(PROMPT) Would you transcribe the listing that follows word for word, skipping pictures?

(DATA SHOWN)
══════

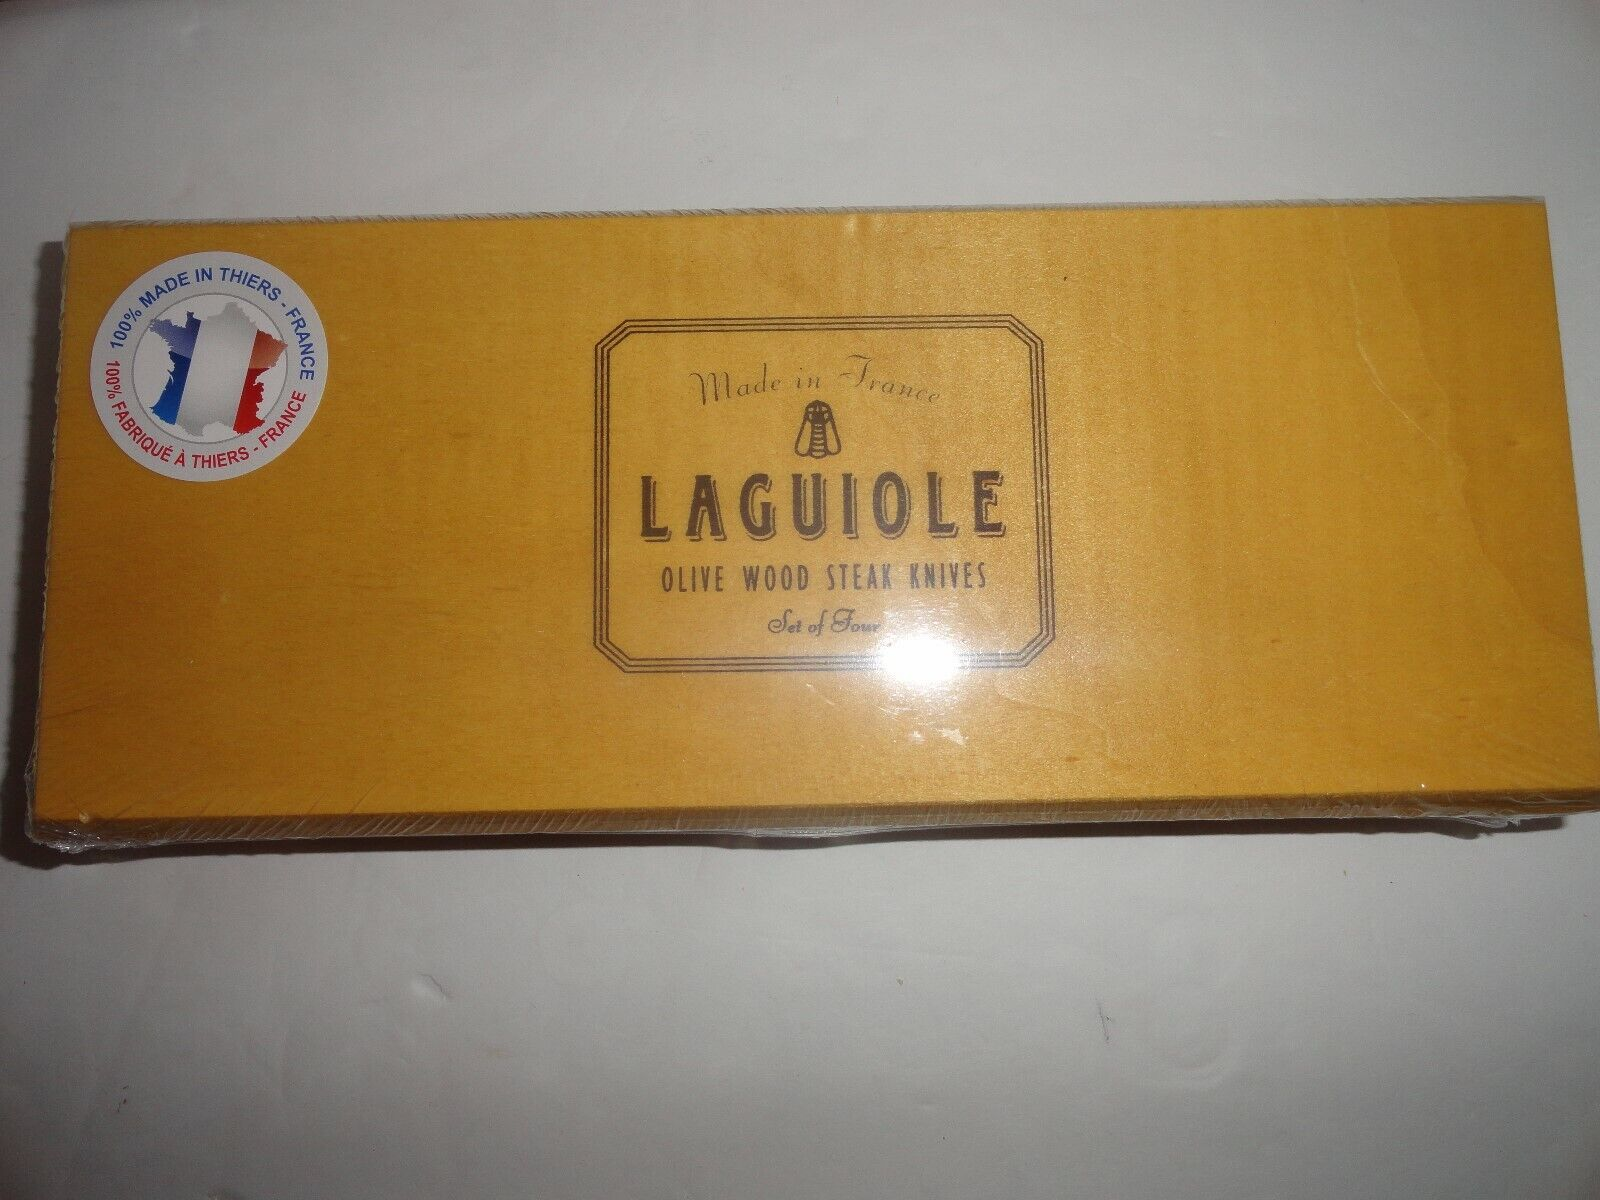 Laguiole Jean Dubost 4 piece Olive Wood Steak Knife Set with Presentation Box
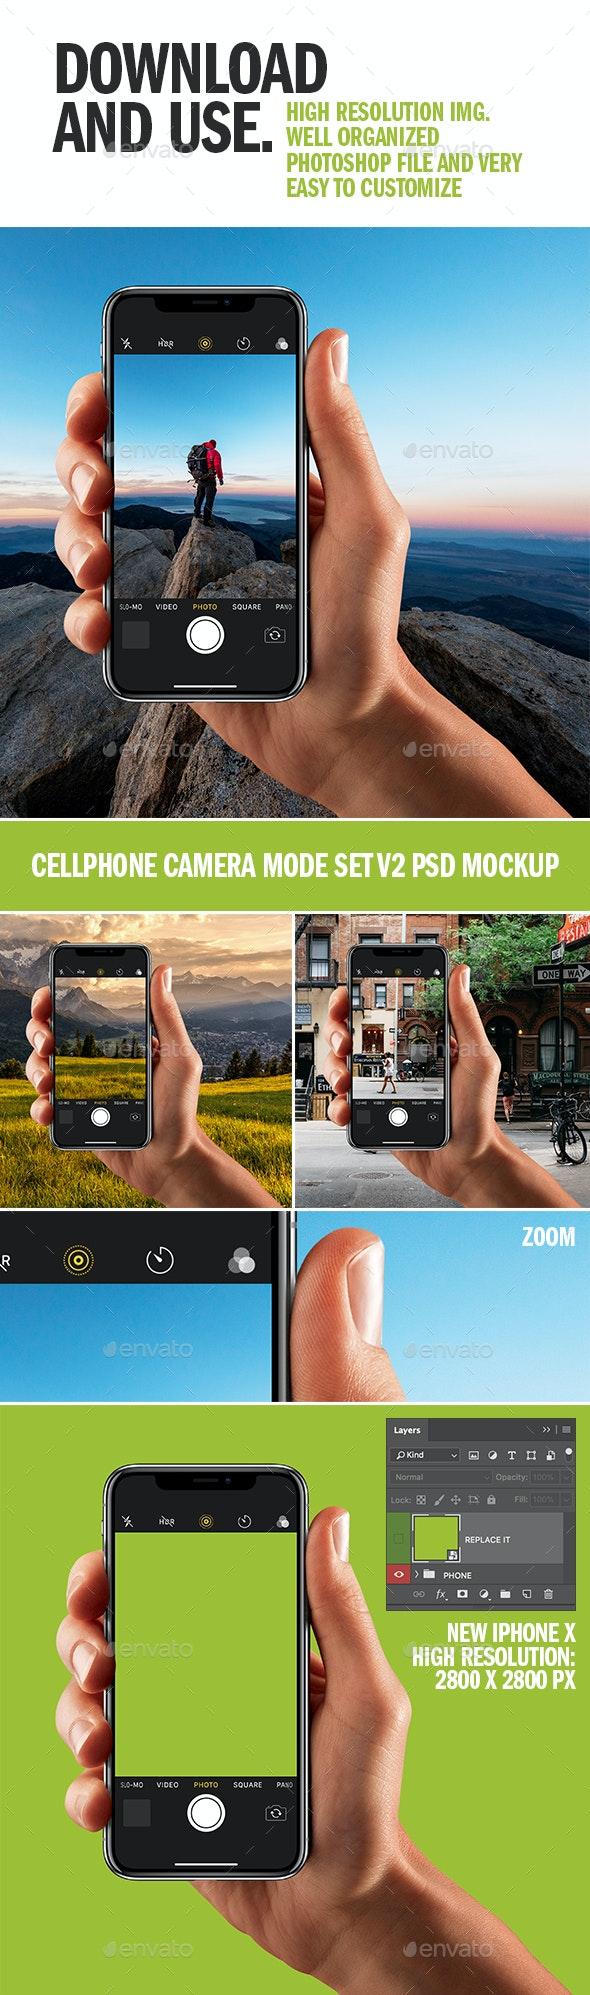 Cellphone Camera Mode Set v2 PSD Mockup - Product Mock-Ups Graphics
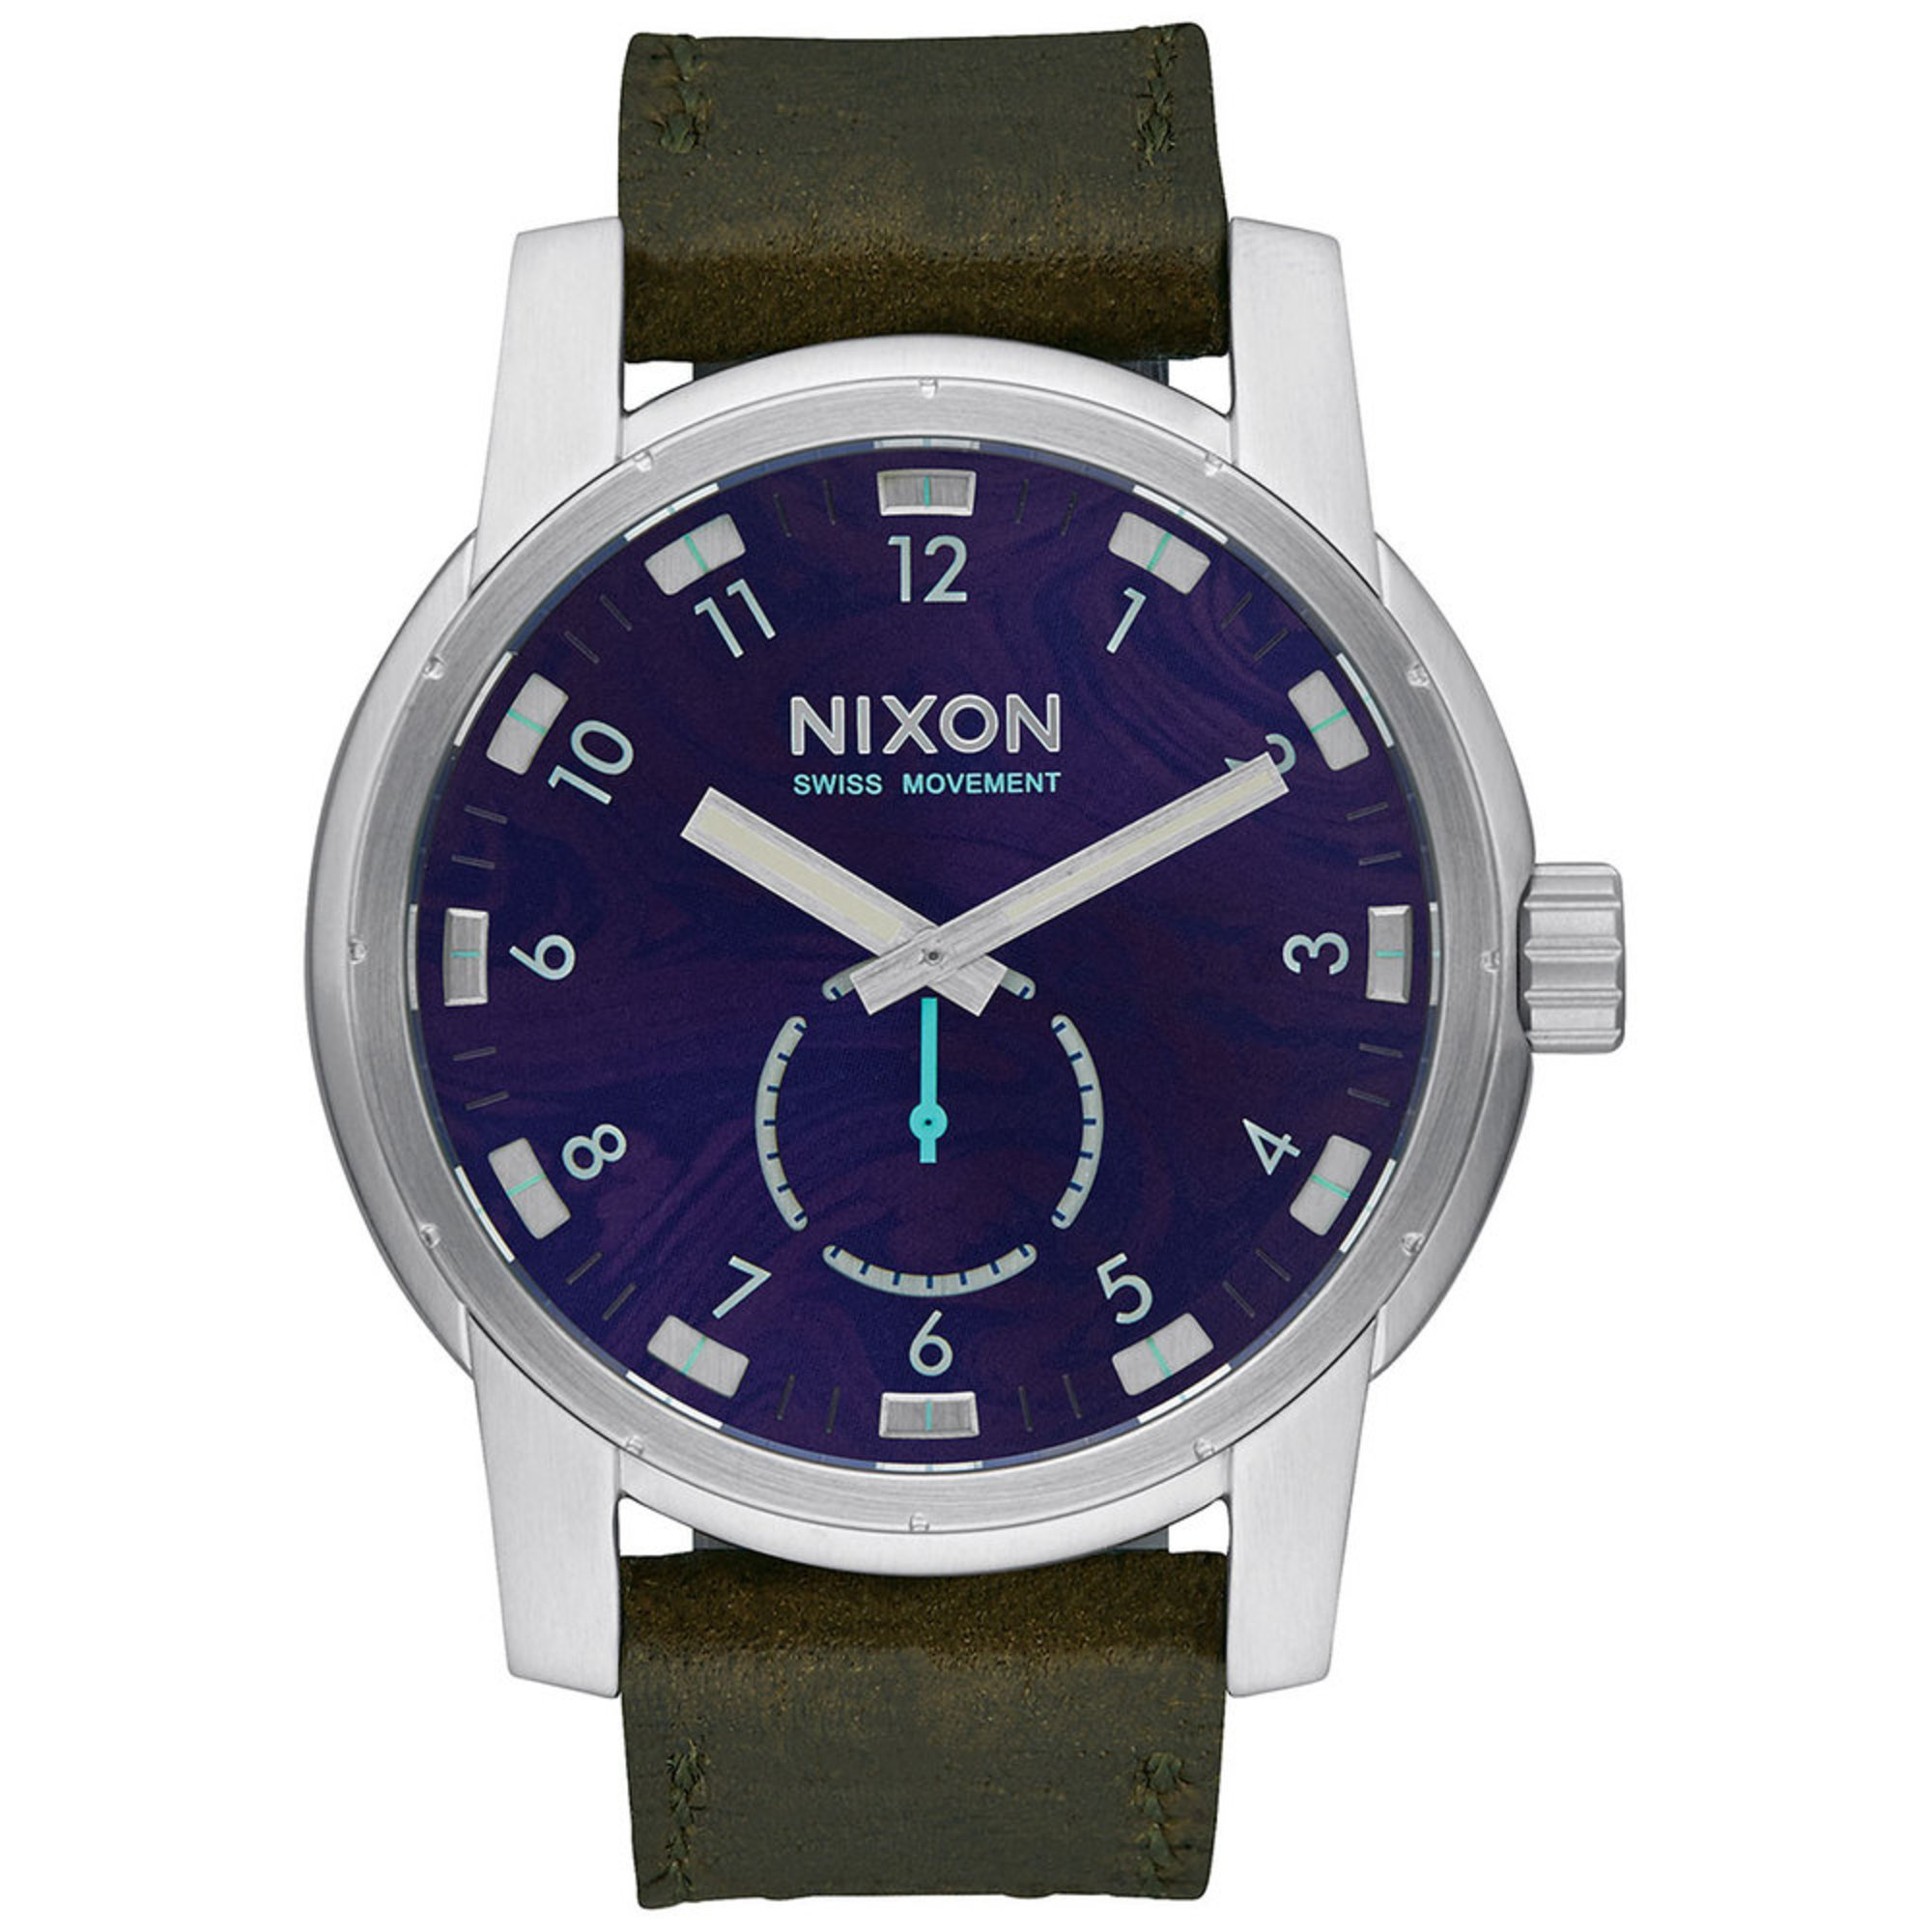 nixon replacement band   eBay

══════

(ANSWER SPACE)
 Laguiole Jean Dubost 4 piece Olive Wood Steak Knife Set with Presentation Box
 Cellphone Camera Mode Set v2 PSD Mockup - Product Mock-Ups Graphics
 nixon replacement band   eBay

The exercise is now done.